Supposing I make a change I->J, and commit that. Now I've got
* revision I * changeset I->J
If I wanted to publish those changes back to the original repository, doing so would be trivial. Just verifying that they have (or can get) revision I, I send them changeset I->J. They store it. They update tip to J. Simple. And now if anyone fetches they'll get revision J, even though I only sent changeset I->J.

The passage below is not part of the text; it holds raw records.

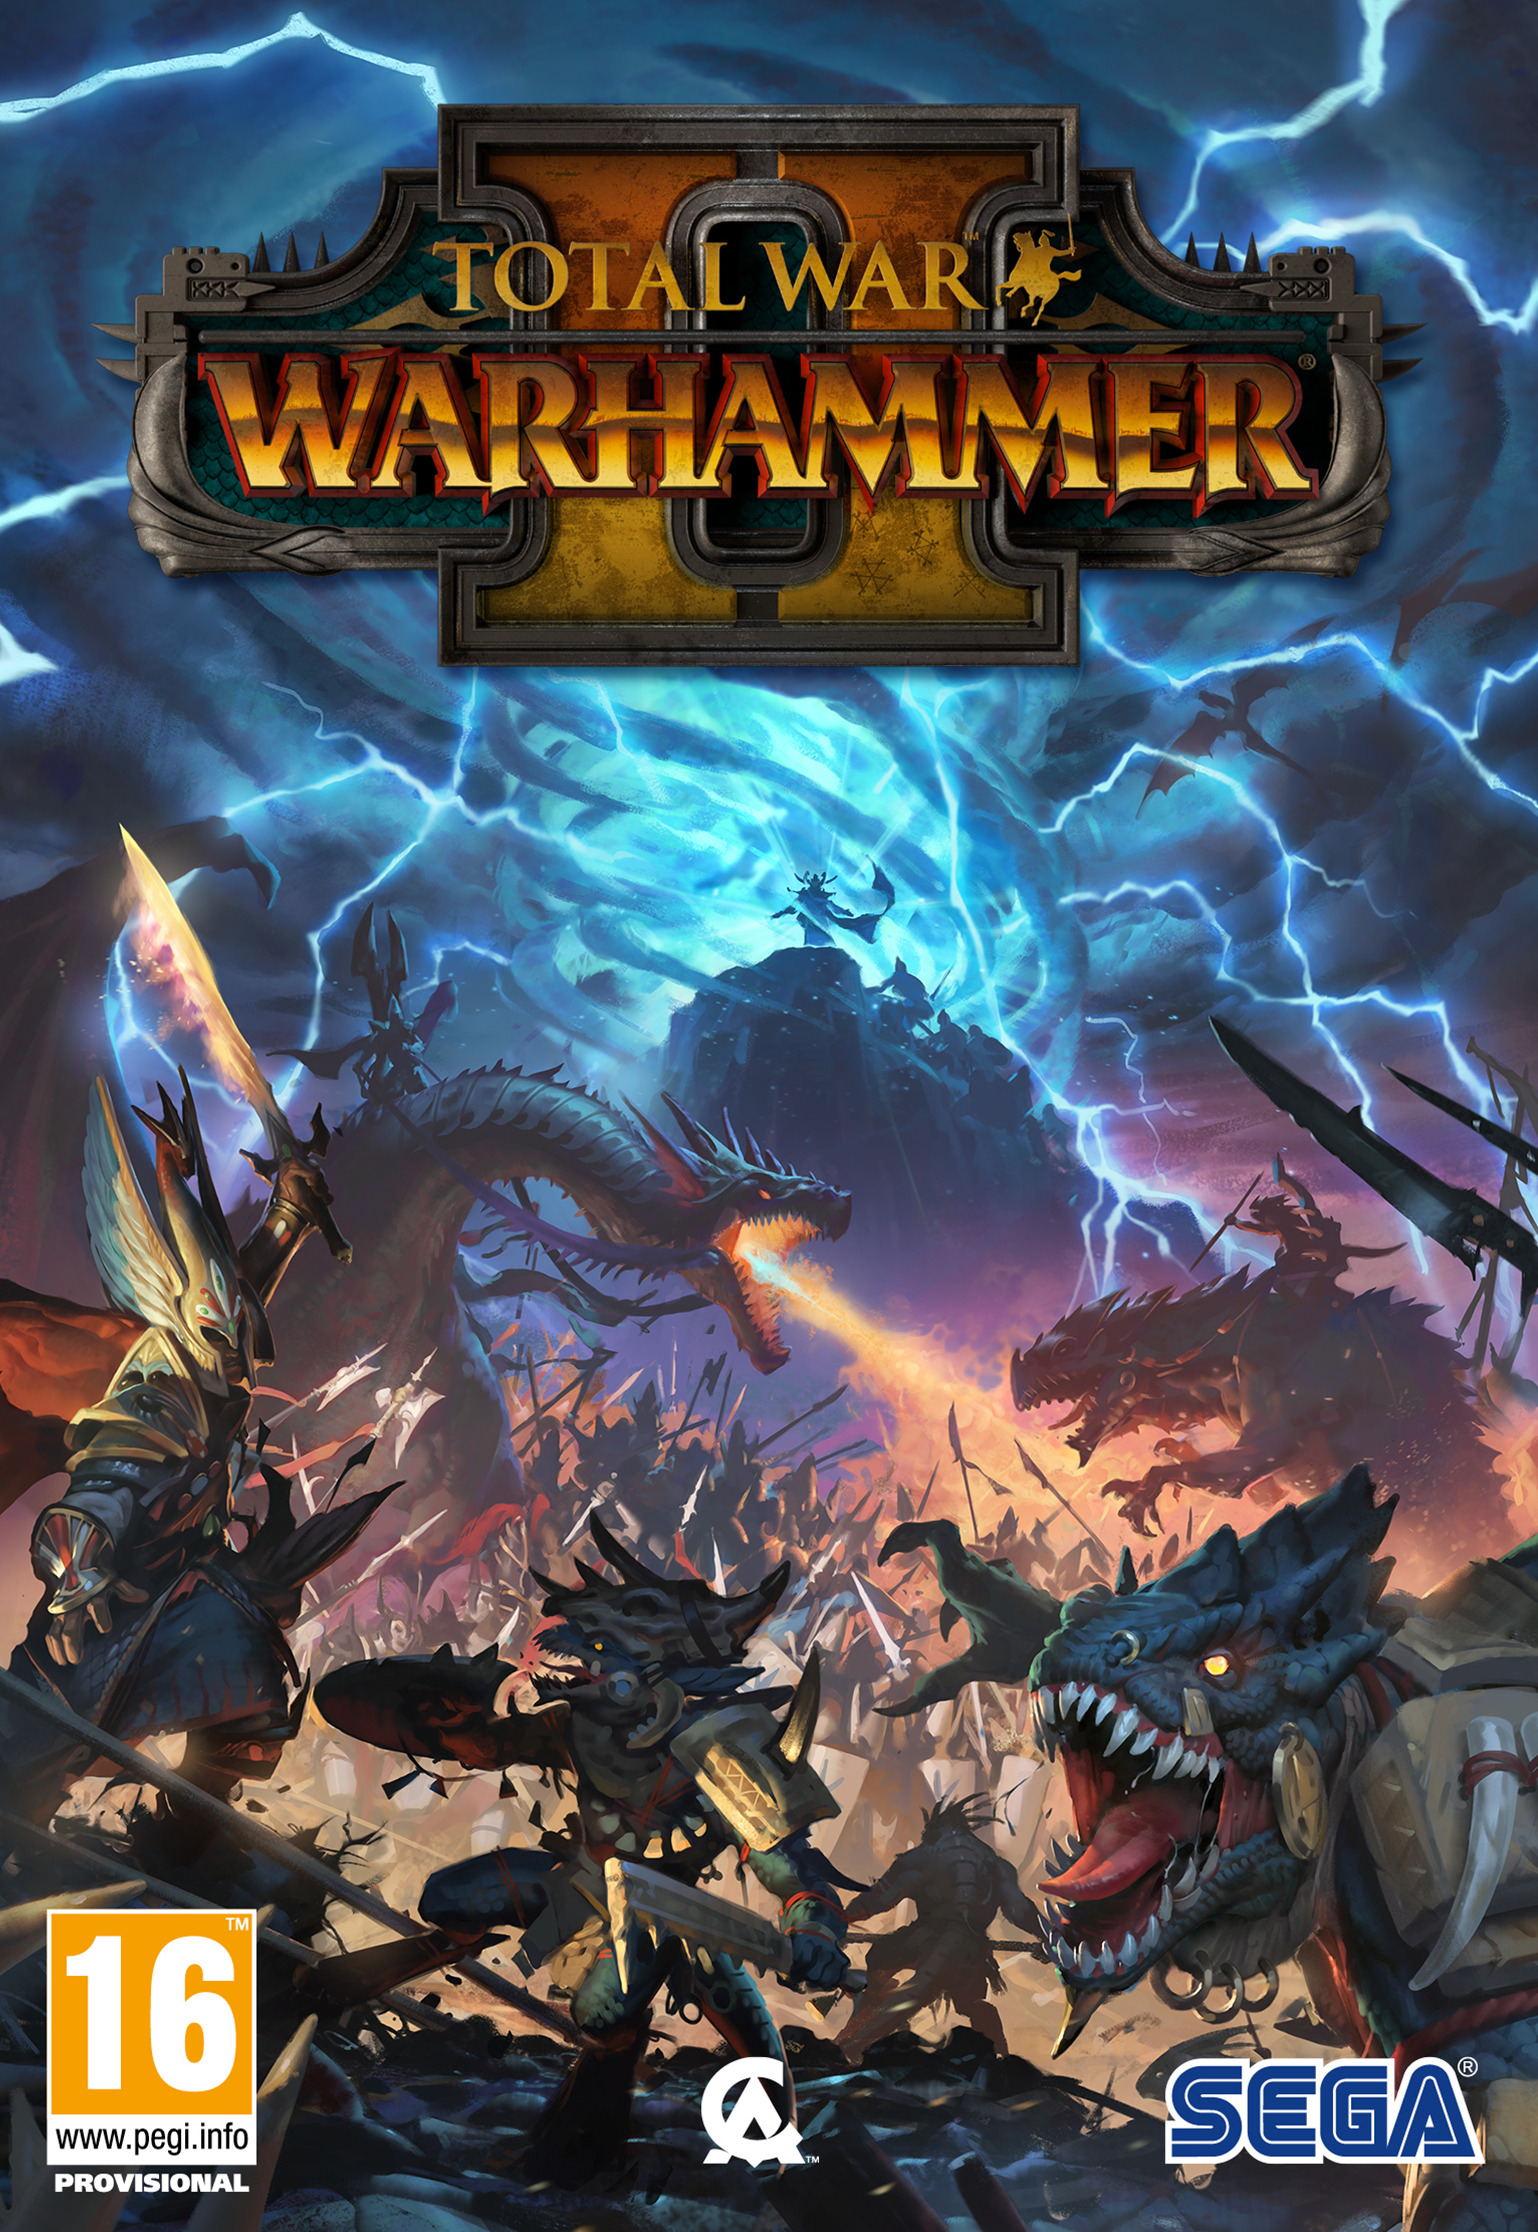 total war warhammer 2 dlc release schedule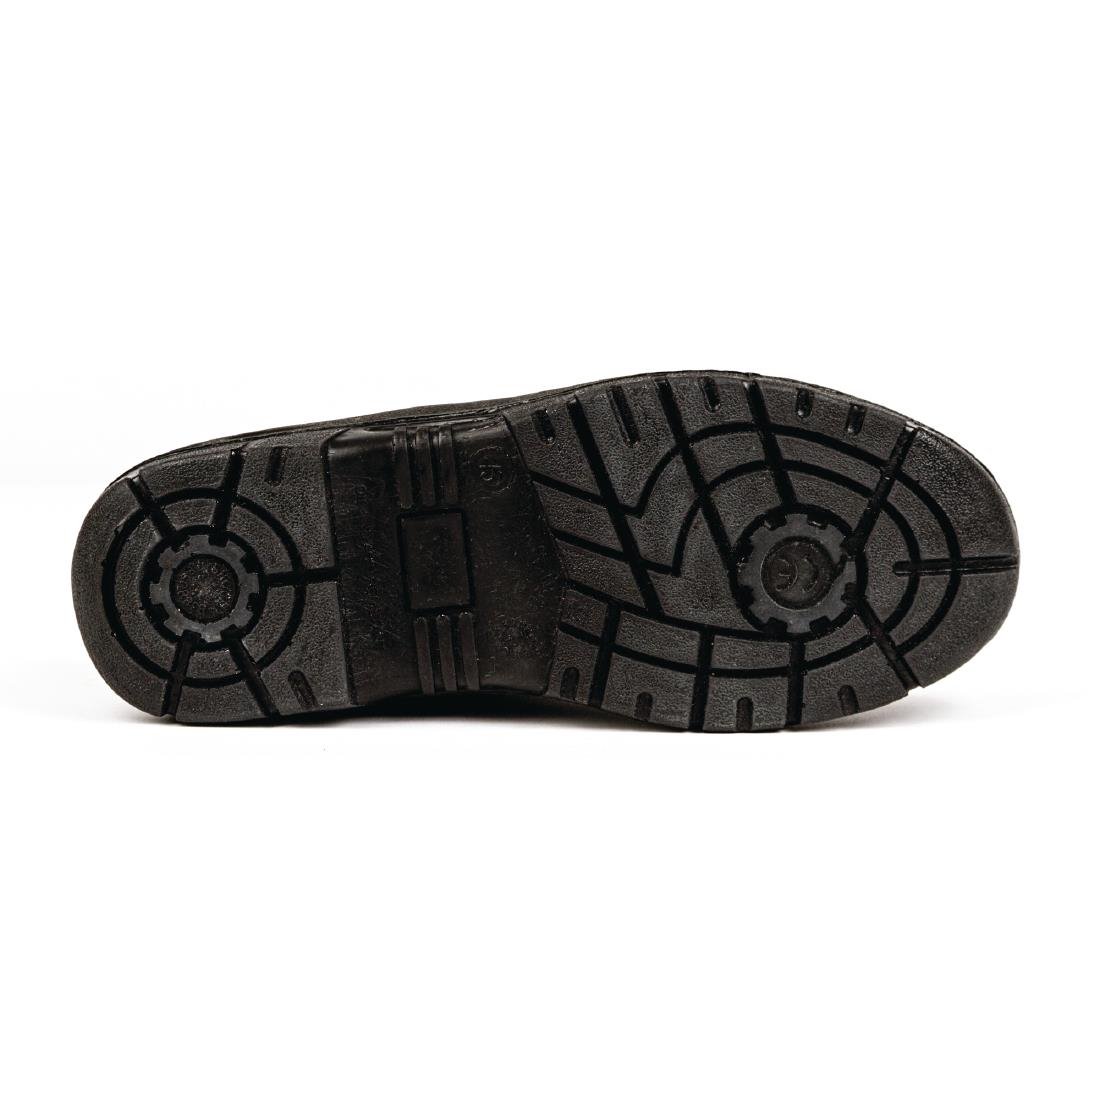 Slipbuster Unisex Safety Shoe Black 42 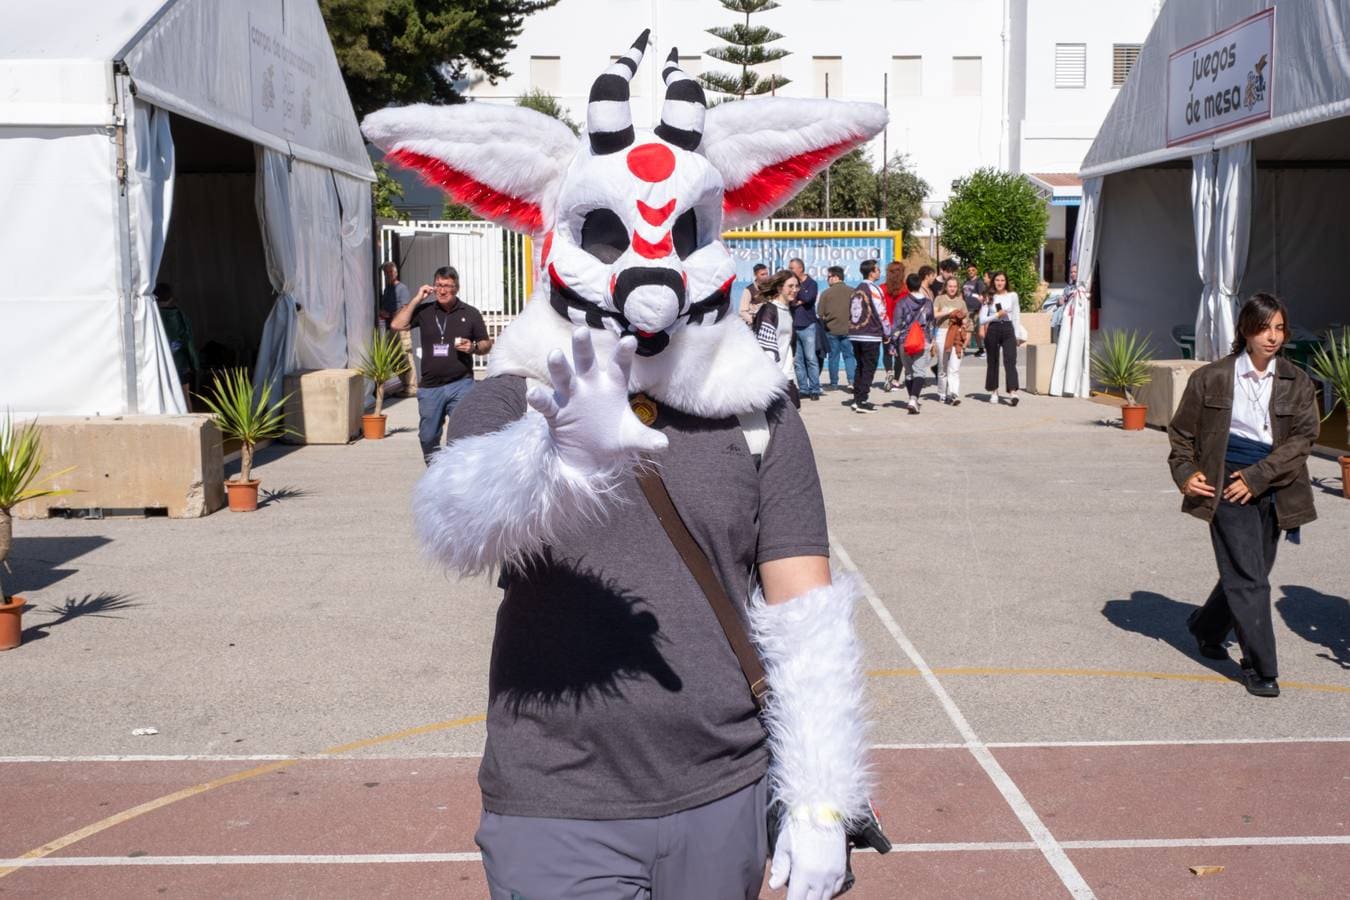 Fotos: El Festival Manga vuelve a Cádiz

Suppose the above server goes down, and two programmers are collaborating directly on the latest version. My I->J change, and their I->K change. Neither of us know the progression it took to reach I. But both of us have revision I, since that's the tip we requested back when the server was running. And that means by exchanging only our changesets, we can all calculate revision I, J, and K. That's committing, pushing and pulling, without even having access to anything besides shallow copies. If the server comes up again, we can still push our changesets to that server. Nothing would get messed up by doing so. I just send I->J, and they send I->K, and the server now has two new changesets.
Supposing a change I make produces a revision identical to an earlier one. I have only revision I, and my change I->J produces revision J which is coincidentally identical to revision B. These letters for each revision are actually a content hash though. When I create a revision, I store it by its content hash, and when I create a changeset, they list content hashes of the parent and child. So I cannot create revision J, if revision J is identical to revision B, without calling them both by the same content hash. When I say I->J, "J" in this case is always and must be identical to "B". I call it I->J but it's <something like I>-><something like B> and when I push I->J to the central server it will consider that patch (rightly) to be I->B.
Thus I don't have to have a copy of revision B, or any changesets leading up to it, to prevent my revision J from being a second revision of the same thing as B with no connections.